- Born: Maria Rosalina Madroñal Abejo July 13, 1922 Tagoloan, Misamis Oriental, Northern Mindanao, Philippines
- Died: June 5, 1991 (aged 68) Fremont, California, U.S.
- Education: Philippine Women's University; Eastman School of Music; The Catholic University of America;

= Rosalina Abejo =

Filipina composer and conductor

Sister Maria Rosalina Madroñal Abejo, RVM (July 13, 1922 – June 5, 1991) was a Filipino composer, pianist and conductor.

==Life and career==
Rosalina Abejo was born in Tagoloan in Misamis Oriental in the Philippines, and died in Fremont, California. She is the first Filipina composer and conductor, and a nun of the Congregation of the Religious of the Virgin Mary. Her aunt, the late Sister Maria Rosario Madroñal, RVM was her first music teacher.

She studied composition at the Philippine Women's University, and in 1977, she moved to the United States, where she studied at Eastman School of Music and The Catholic University of America. She was the first nun to direct and conduct symphony orchestras, by permission of Pope John XXIII. She taught composition and music theory at the University of Kansas and St Pius Seminary in Kentucky.
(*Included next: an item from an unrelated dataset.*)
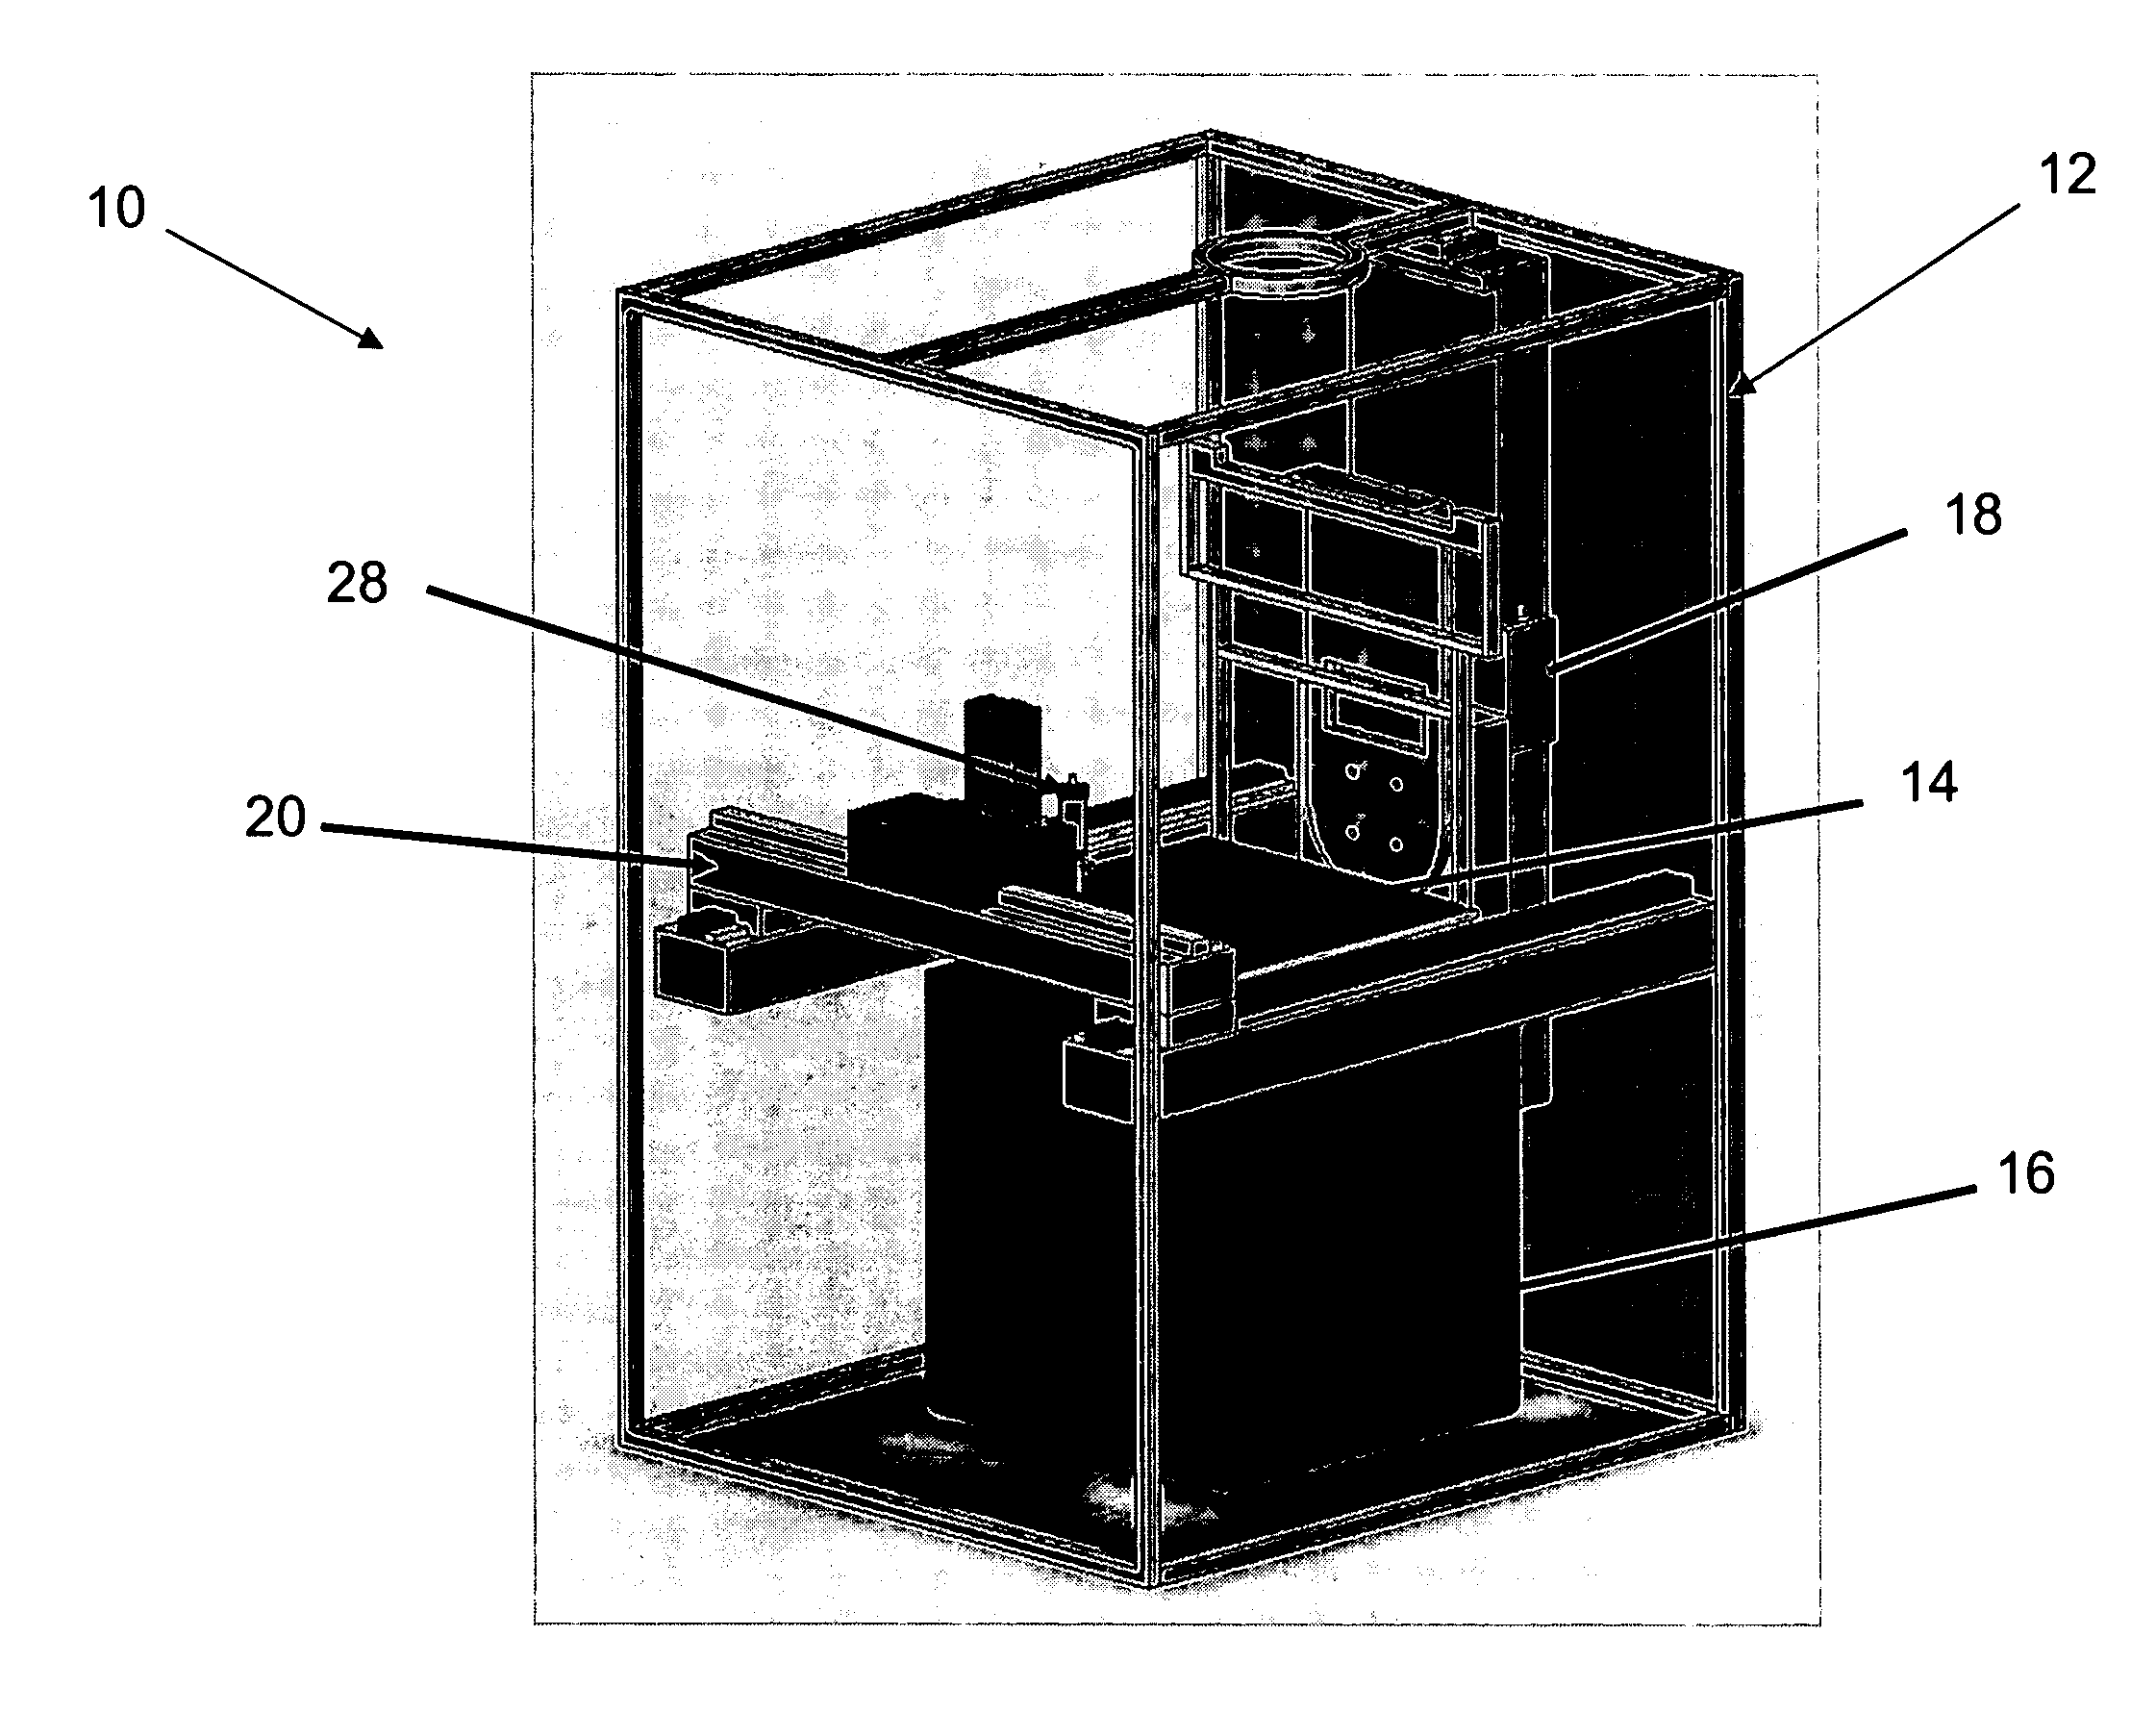 Methods and systems for integrating fluid dispensing technology with stereolithography

Before this, she travelled extensively in order to fundraise for and attend international music conferences. In 1972, Abejo wrote Overture 1081, when martial law was declared by Ferdinand Marcos in the Philippines through Proclamation No. 1081. Abejo has received a number of honours, including the Republic Culture Heritage Award (1967), Philippines' Independence Day Award (1973), and being elected President of the Philippine Foundation of Performing Arts in America in 1980. She is interred at Irvington Memorial Cemetery, Fremont, California.

==Compositions==
In her lifetime, Rosalina Abejo composed over 400 works.

=== Orchestra ===

- Beatriz Symphony
- Gregoria Symphony (1950)
- Pioneer Symphony (1954)
- Thanatopsis Symphony (1956)
- Aeolian Piano Concerto (1956)
- Golden Foundation Piano Concerto (1959–1960)
- Guerilla Symphony (1971)
- The Trilogy of Man Symphony (1971)
- Dalawang Pusong Dakila Symphony (1975)
- Brotherhood Symphony, 1986,
- Jubilee Symphony, 1984,
- Symphony of Psalms, 1988,
- Symphony of Life, 1988,
- Symphony of Fortitude and Sudden Spring, 1989.